* Task instructions
Under this line sits a listing. Repeat exactly and only its lines from the one holding "The Yellow Gym" through the one holding "Ashley Benson’s Instagram"; skip pictures.

* Source material
- Opening Delimiter -
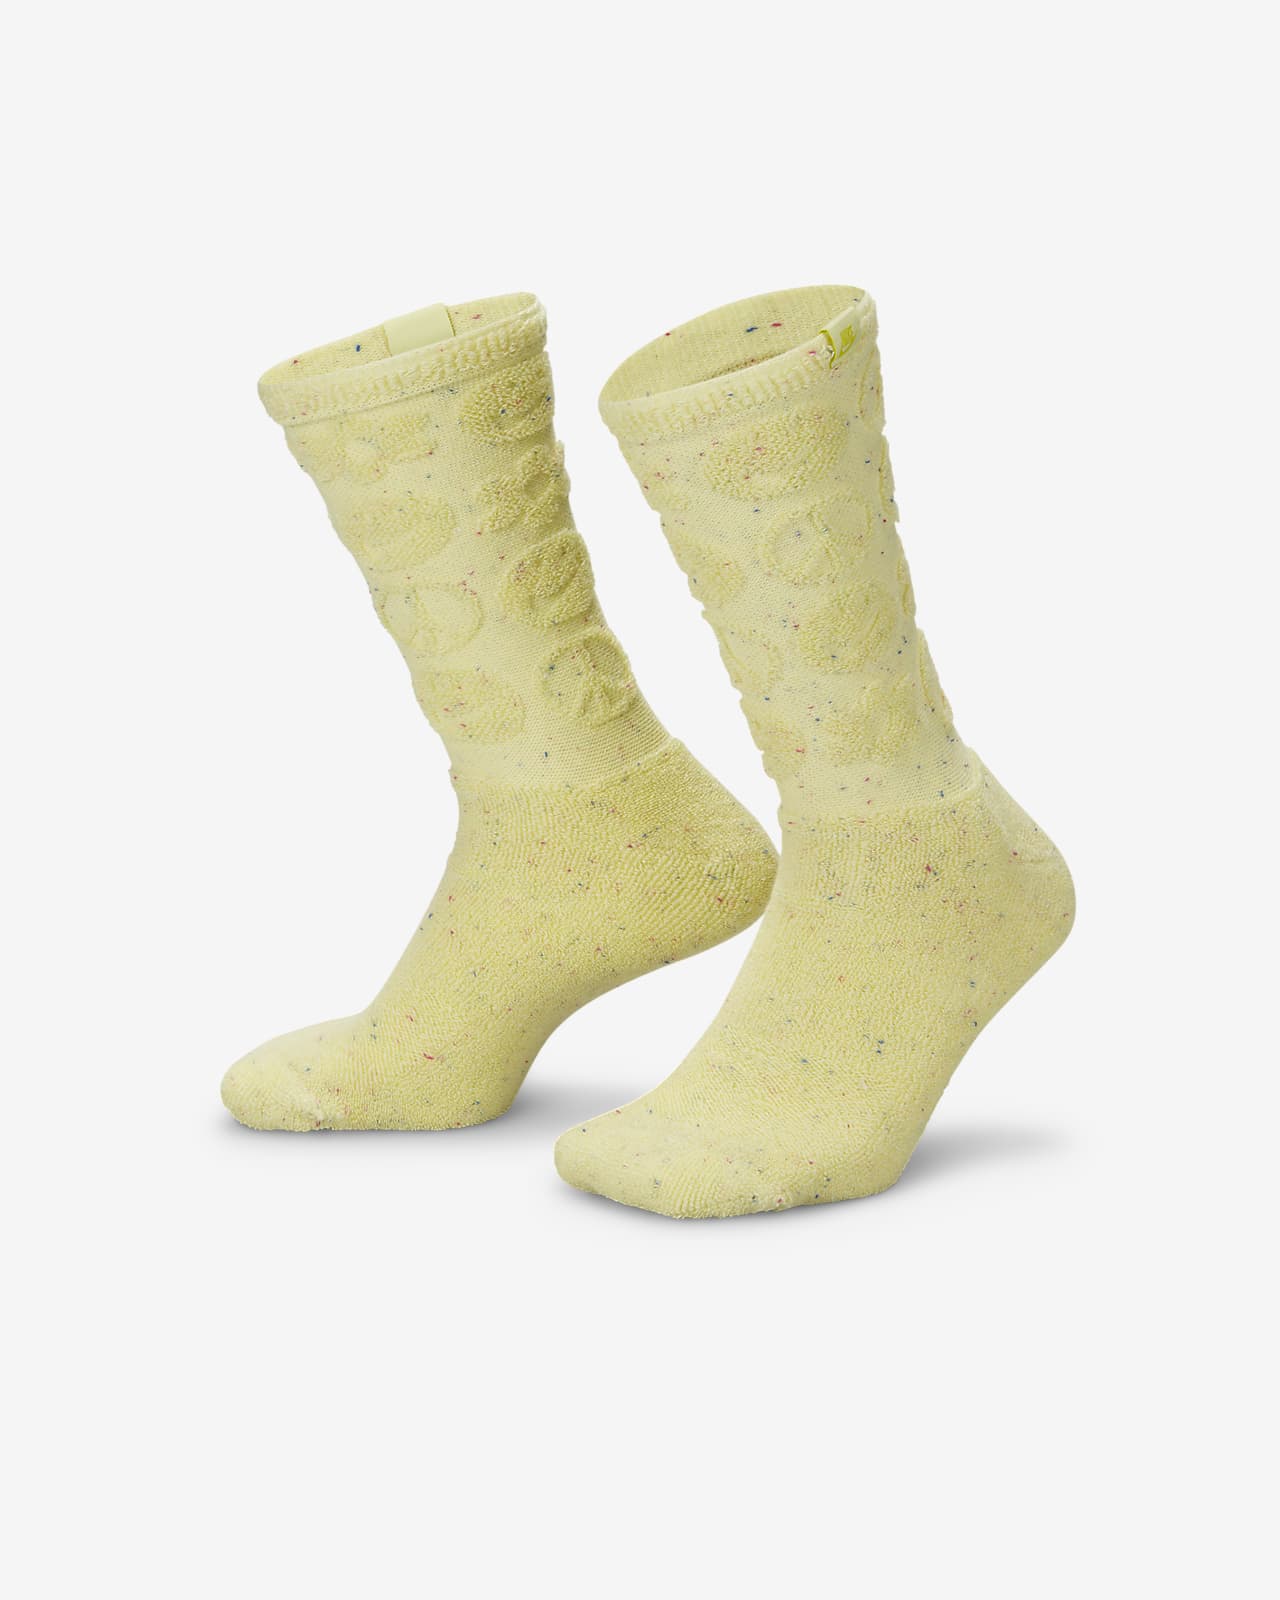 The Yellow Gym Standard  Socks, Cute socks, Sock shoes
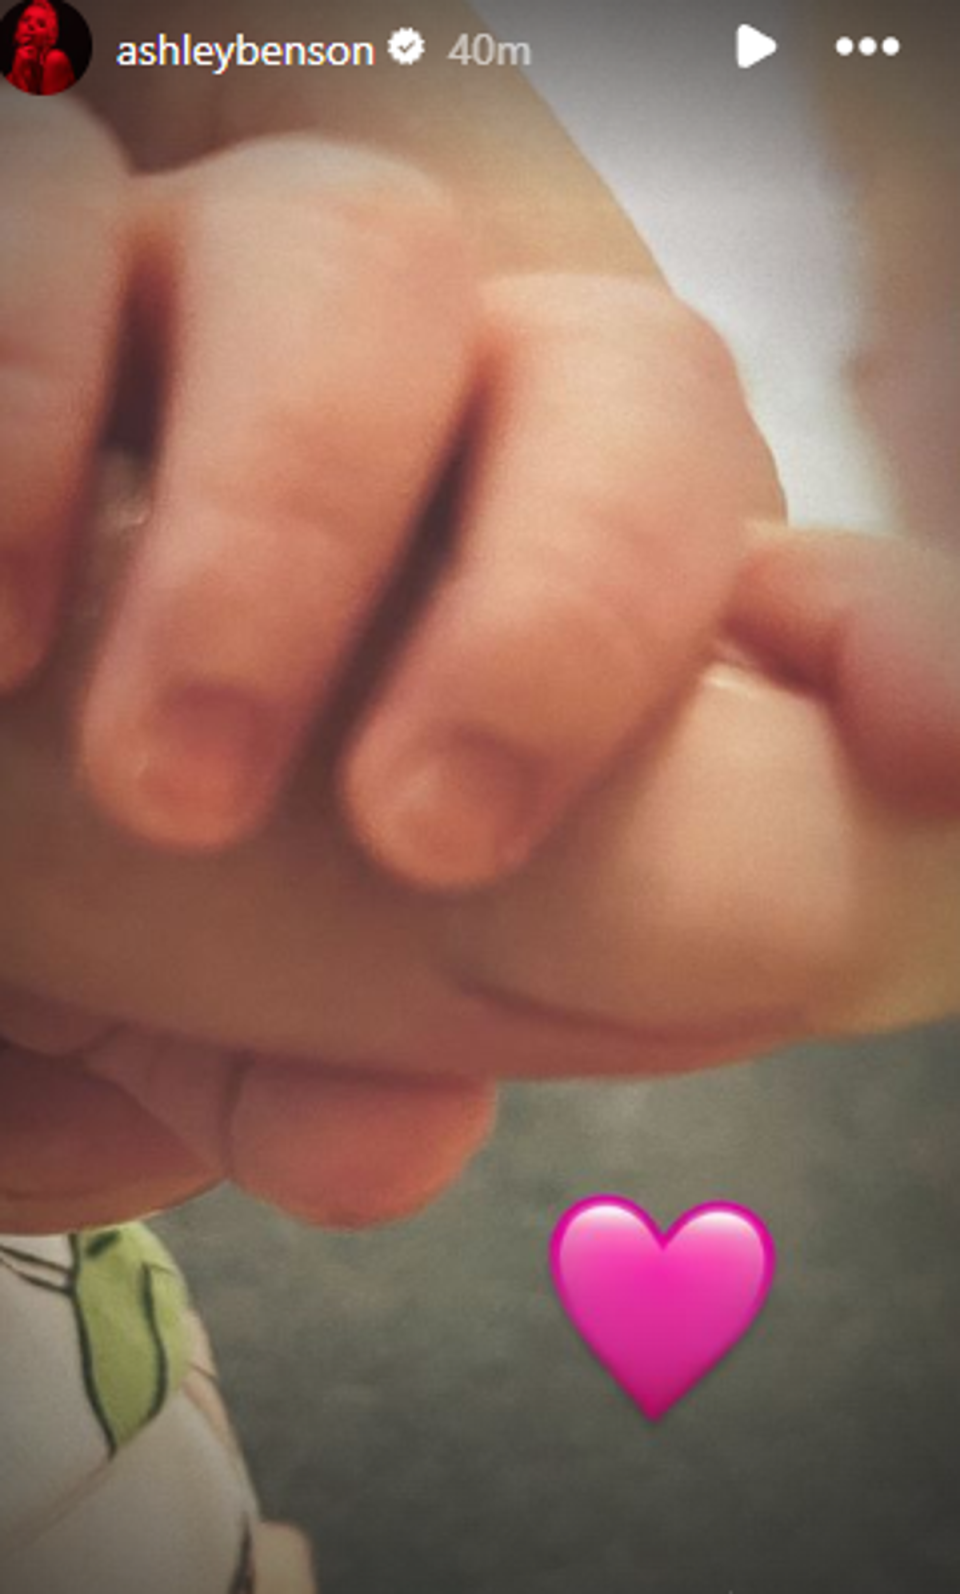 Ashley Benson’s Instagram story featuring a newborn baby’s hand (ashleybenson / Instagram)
- Closing Delimiter -
- Opening Delimiter -
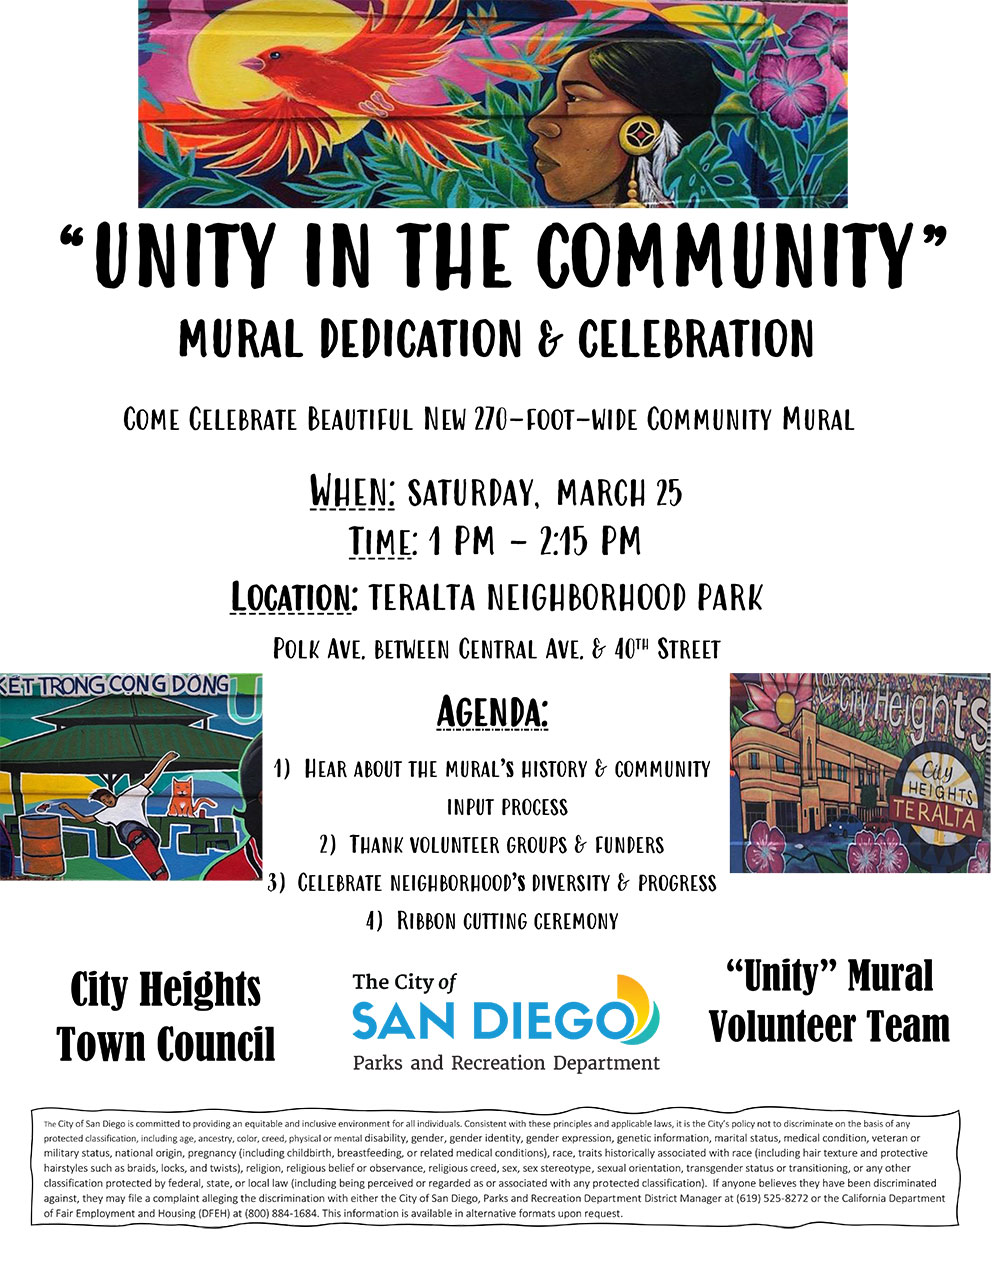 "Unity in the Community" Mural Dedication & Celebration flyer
- Closing Delimiter -
- Opening Delimiter -
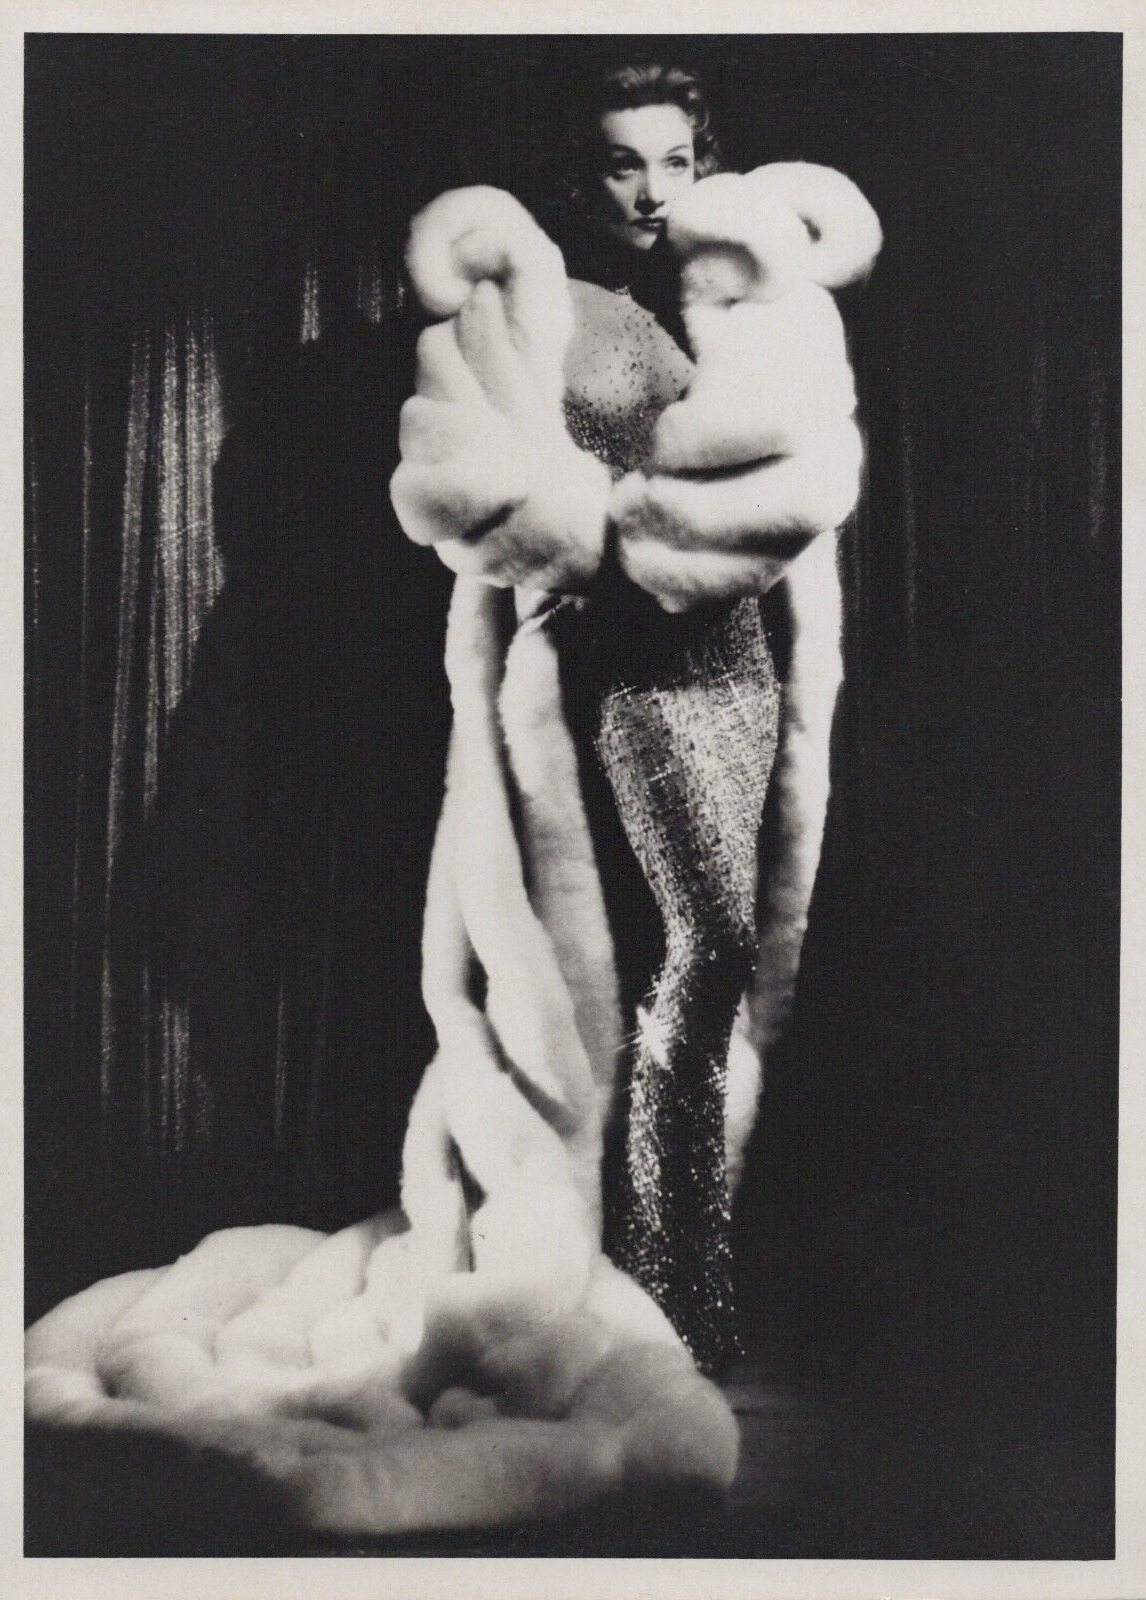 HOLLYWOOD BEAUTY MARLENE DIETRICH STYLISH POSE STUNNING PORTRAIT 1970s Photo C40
- Closing Delimiter -
* Problem solution
 The Yellow Gym Standard  Socks, Cute socks, Sock shoes
 Ashley Benson’s Instagram story featuring a newborn baby’s hand (ashleybenson / Instagram)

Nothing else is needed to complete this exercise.